------ GIVEN MATERIAL

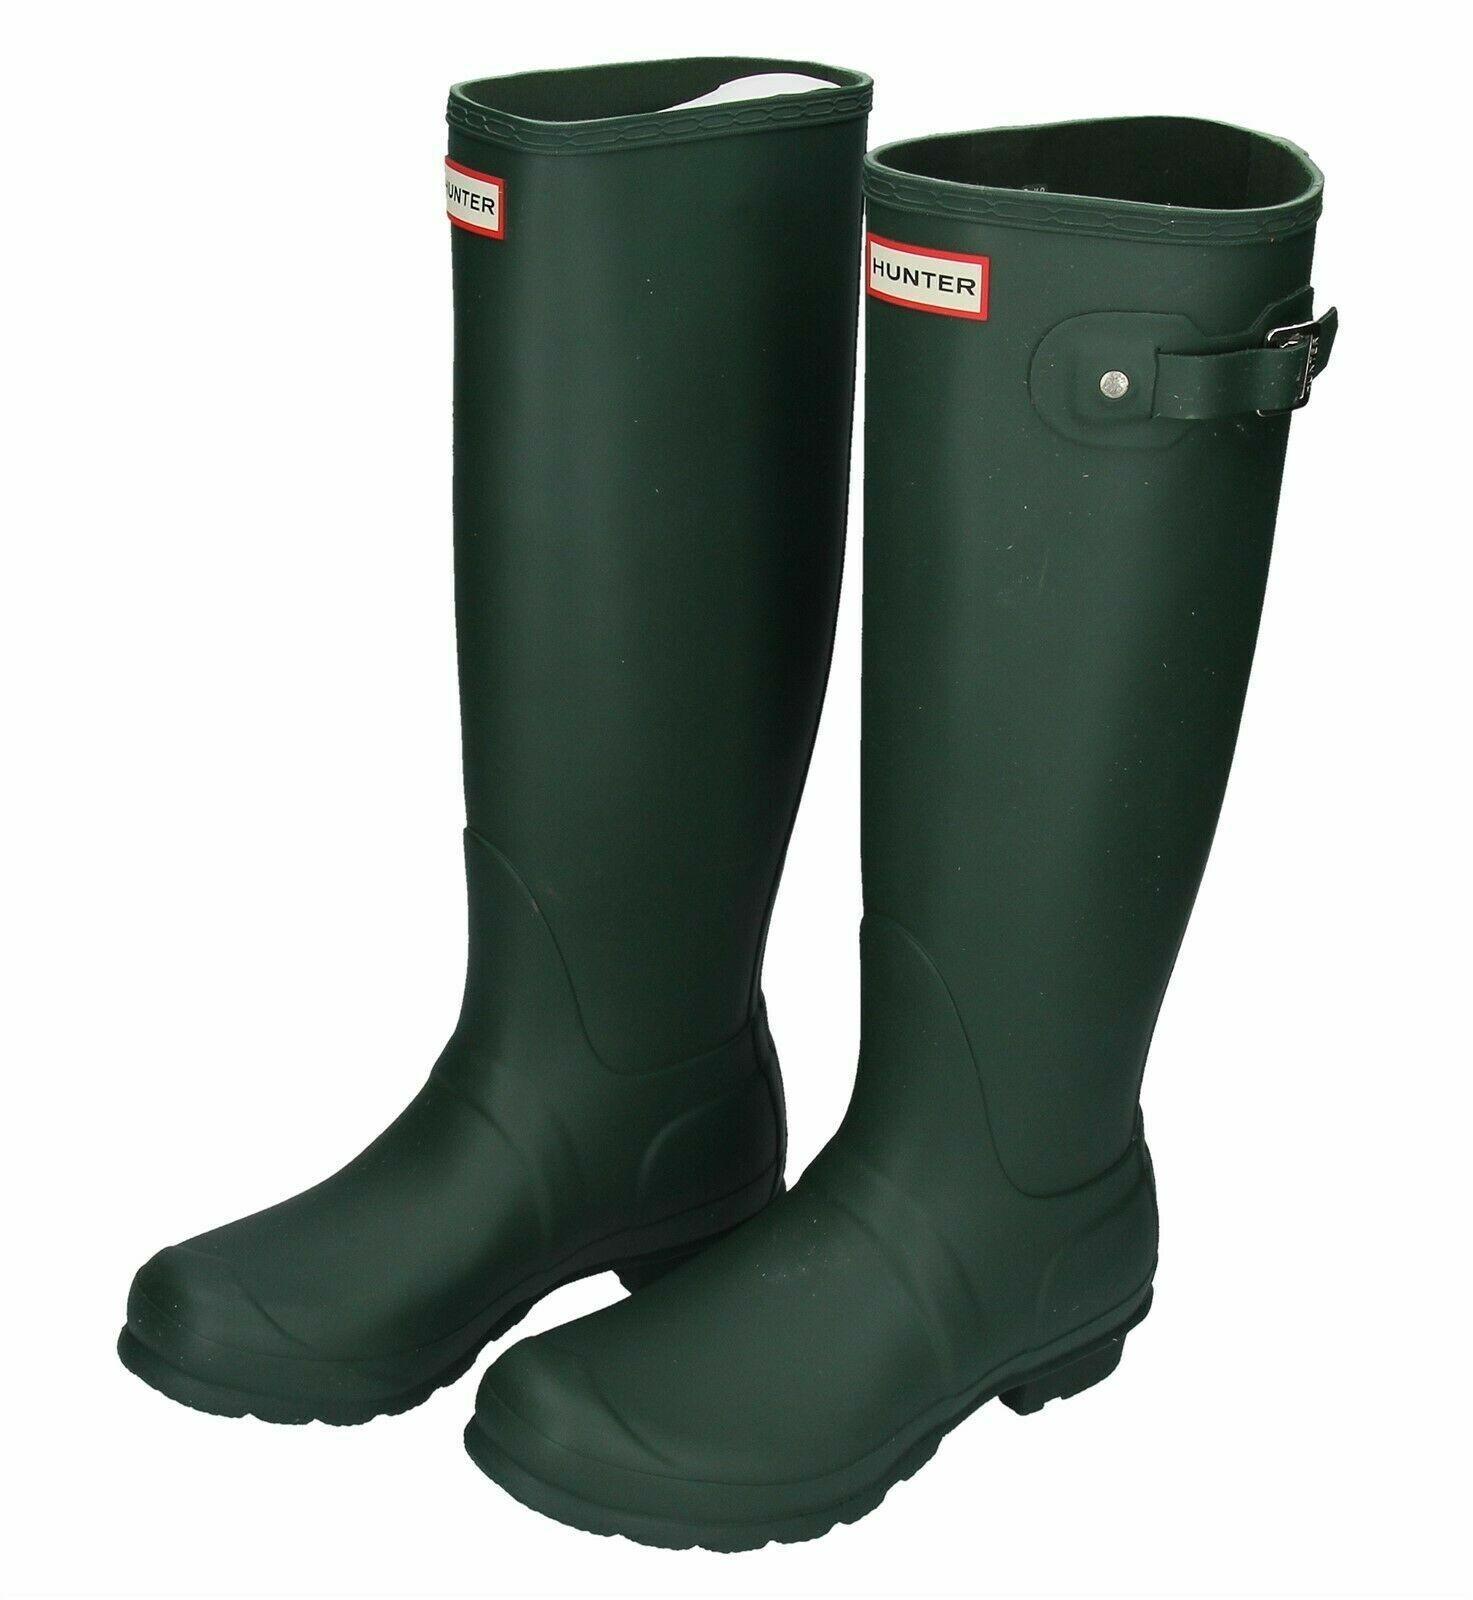 bf70a869ee0 Hunter Women's Original Tall Rain Boots - Green
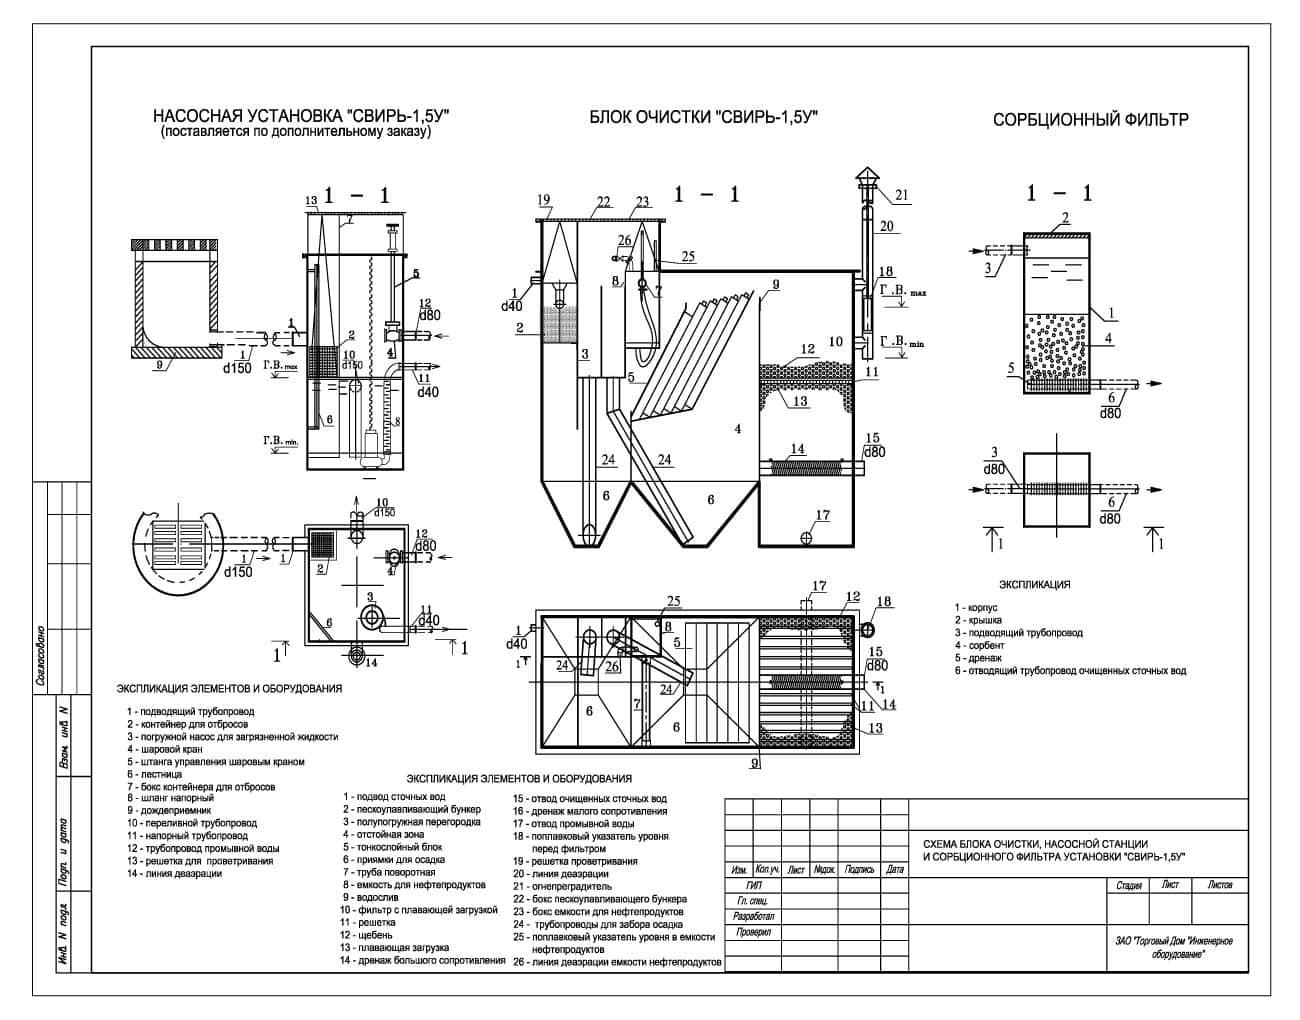 Очистное сооружение Свирь-1,5У
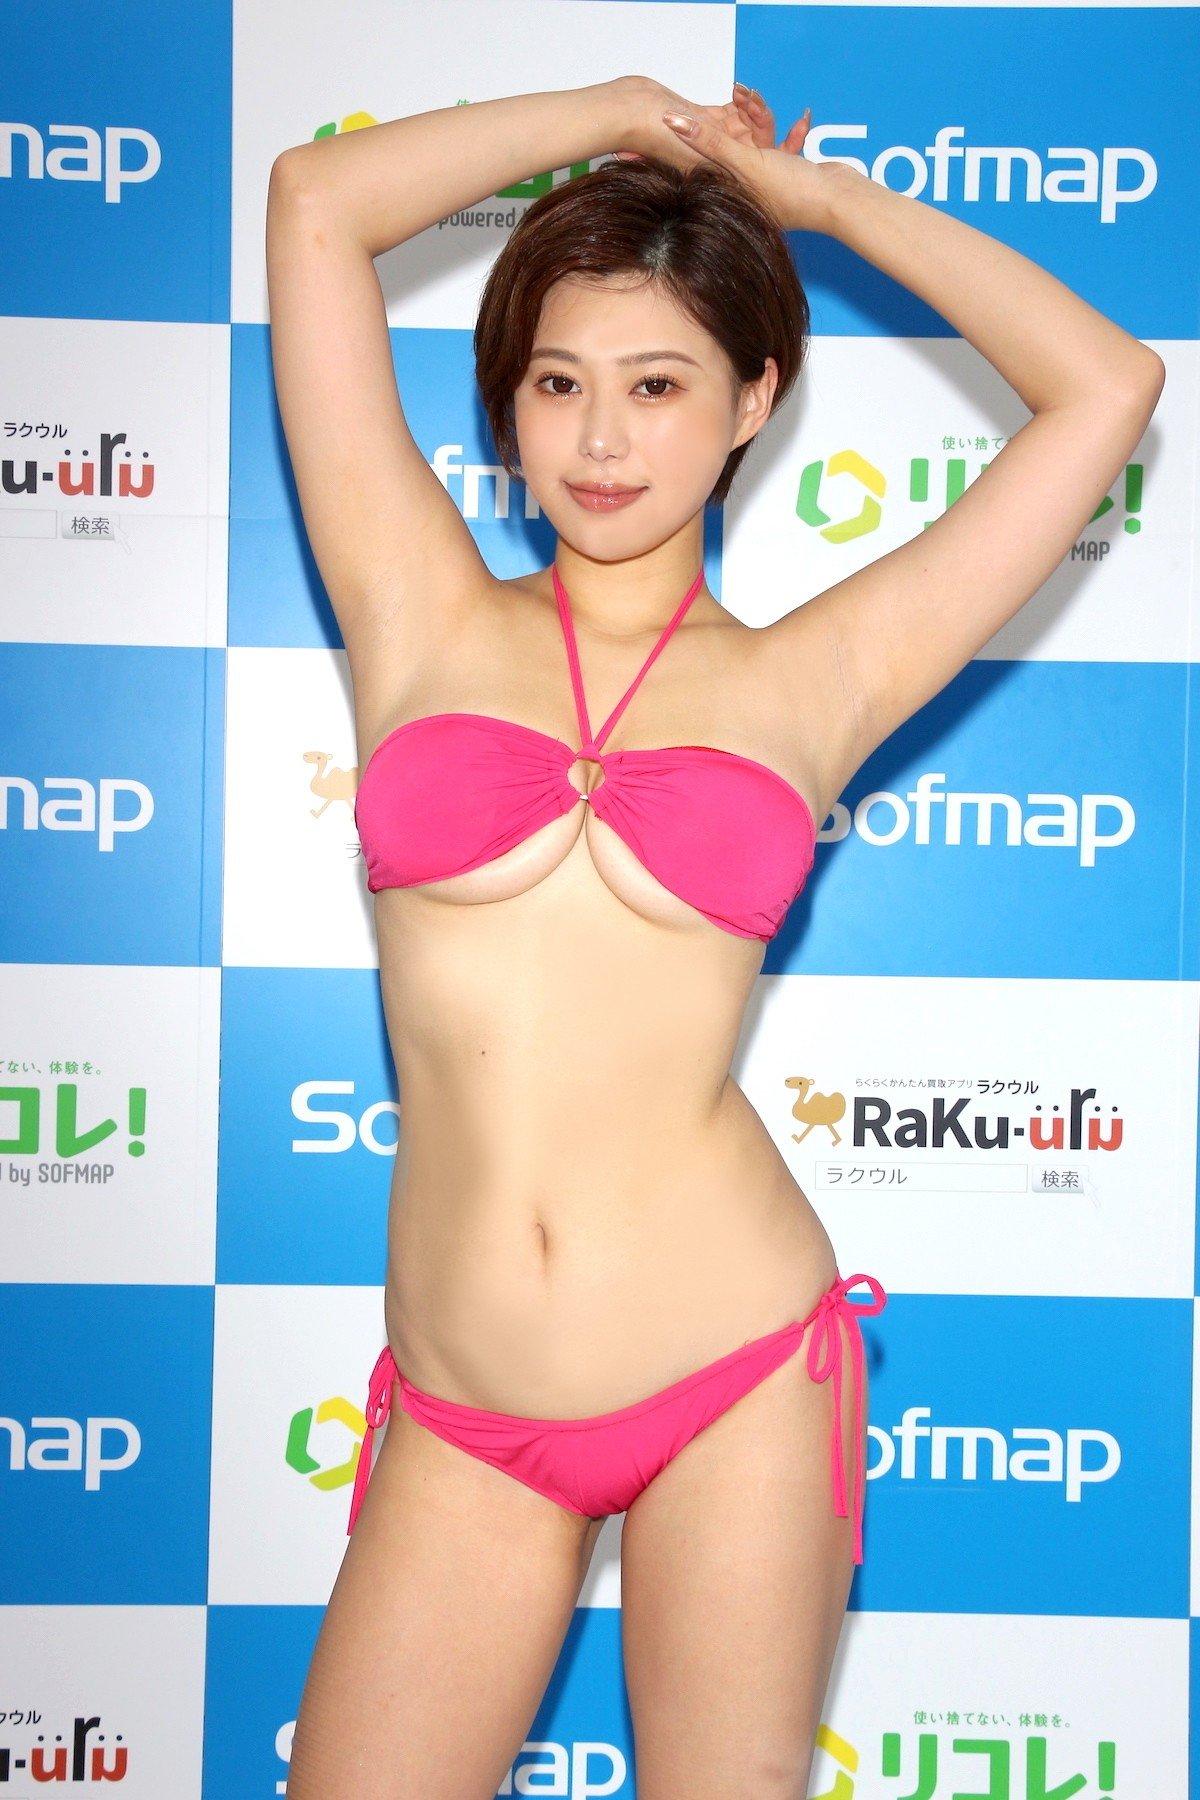 山本ゆう「裸エプロンってワードだけで」本当に何も下に着てない【画像58枚】の画像022
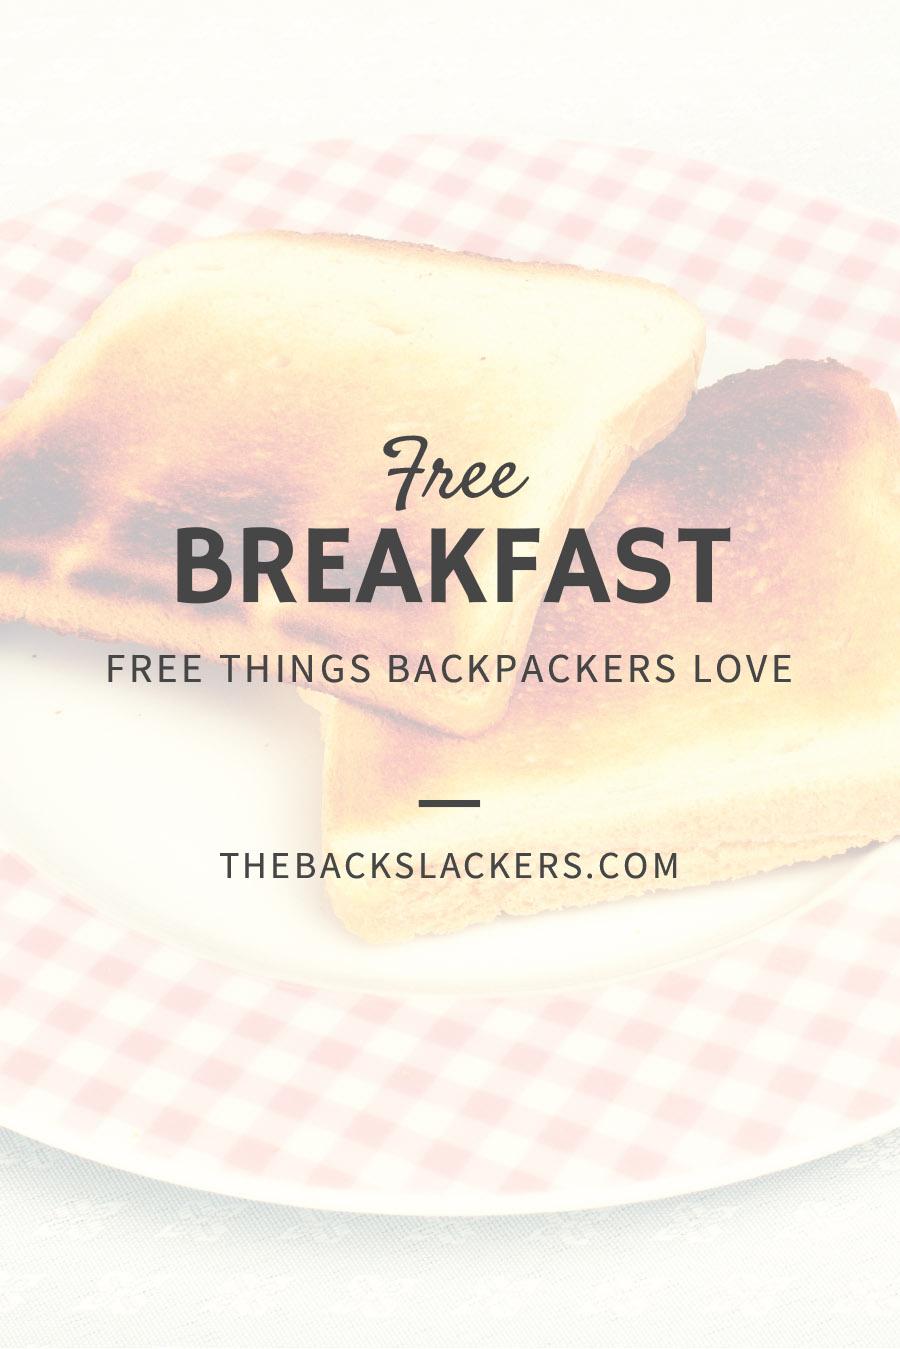 Free Things Backpackers Love - FREE BREAKFAST

------------

* **TASK DESCRIPTION**:
Repeat the data exactly, excluding the pictures.

* **WRITTEN SOLUTION**:
 bf70a869ee0 Hunter Women's Original Tall Rain Boots - Green
 Очистное сооружение Свирь-1,5У
 山本ゆう「裸エプロンってワードだけで」本当に何も下に着てない【画像58枚】の画像022
 Free Things Backpackers Love - FREE BREAKFAST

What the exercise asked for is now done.